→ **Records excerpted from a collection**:

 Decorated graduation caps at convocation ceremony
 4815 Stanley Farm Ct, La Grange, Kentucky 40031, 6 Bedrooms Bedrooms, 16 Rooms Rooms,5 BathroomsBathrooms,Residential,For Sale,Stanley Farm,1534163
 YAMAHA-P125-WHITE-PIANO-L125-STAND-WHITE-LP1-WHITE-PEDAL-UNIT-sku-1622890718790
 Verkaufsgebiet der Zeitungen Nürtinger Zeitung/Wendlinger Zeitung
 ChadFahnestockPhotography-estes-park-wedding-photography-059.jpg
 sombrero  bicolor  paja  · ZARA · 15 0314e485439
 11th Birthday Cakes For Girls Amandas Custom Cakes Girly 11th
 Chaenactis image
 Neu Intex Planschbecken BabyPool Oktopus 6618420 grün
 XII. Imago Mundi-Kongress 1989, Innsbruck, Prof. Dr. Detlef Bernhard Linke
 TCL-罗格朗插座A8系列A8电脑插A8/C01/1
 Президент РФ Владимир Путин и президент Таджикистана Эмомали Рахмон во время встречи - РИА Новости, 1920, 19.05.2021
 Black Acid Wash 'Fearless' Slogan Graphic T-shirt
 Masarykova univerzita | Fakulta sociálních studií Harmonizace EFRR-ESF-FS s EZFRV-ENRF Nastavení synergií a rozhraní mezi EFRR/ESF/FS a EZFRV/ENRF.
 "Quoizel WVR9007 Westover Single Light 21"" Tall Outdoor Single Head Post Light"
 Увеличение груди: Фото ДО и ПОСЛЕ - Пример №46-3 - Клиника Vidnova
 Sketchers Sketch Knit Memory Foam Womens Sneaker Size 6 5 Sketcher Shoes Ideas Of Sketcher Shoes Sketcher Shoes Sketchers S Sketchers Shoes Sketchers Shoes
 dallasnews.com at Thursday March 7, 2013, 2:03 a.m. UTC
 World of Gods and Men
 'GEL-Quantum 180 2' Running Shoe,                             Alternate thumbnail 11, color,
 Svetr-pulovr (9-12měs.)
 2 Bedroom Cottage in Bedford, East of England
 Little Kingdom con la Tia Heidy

→ **Problem requirements**: From the entries above, give again exactly the lines running from the line with "Verkaufsgebiet der Zeitungen" to the line with "Sketchers Sketch Knit"; include both of those lines.

→ **Response to the exercise**:
 Verkaufsgebiet der Zeitungen Nürtinger Zeitung/Wendlinger Zeitung
 ChadFahnestockPhotography-estes-park-wedding-photography-059.jpg
 sombrero  bicolor  paja  · ZARA · 15 0314e485439
 11th Birthday Cakes For Girls Amandas Custom Cakes Girly 11th
 Chaenactis image
 Neu Intex Planschbecken BabyPool Oktopus 6618420 grün
 XII. Imago Mundi-Kongress 1989, Innsbruck, Prof. Dr. Detlef Bernhard Linke
 TCL-罗格朗插座A8系列A8电脑插A8/C01/1
 Президент РФ Владимир Путин и президент Таджикистана Эмомали Рахмон во время встречи - РИА Новости, 1920, 19.05.2021
 Black Acid Wash 'Fearless' Slogan Graphic T-shirt
 Masarykova univerzita | Fakulta sociálních studií Harmonizace EFRR-ESF-FS s EZFRV-ENRF Nastavení synergií a rozhraní mezi EFRR/ESF/FS a EZFRV/ENRF.
 "Quoizel WVR9007 Westover Single Light 21"" Tall Outdoor Single Head Post Light"
 Увеличение груди: Фото ДО и ПОСЛЕ - Пример №46-3 - Клиника Vidnova
 Sketchers Sketch Knit Memory Foam Womens Sneaker Size 6 5 Sketcher Shoes Ideas Of Sketcher Shoes Sketcher Shoes Sketchers S Sketchers Shoes Sketchers Shoes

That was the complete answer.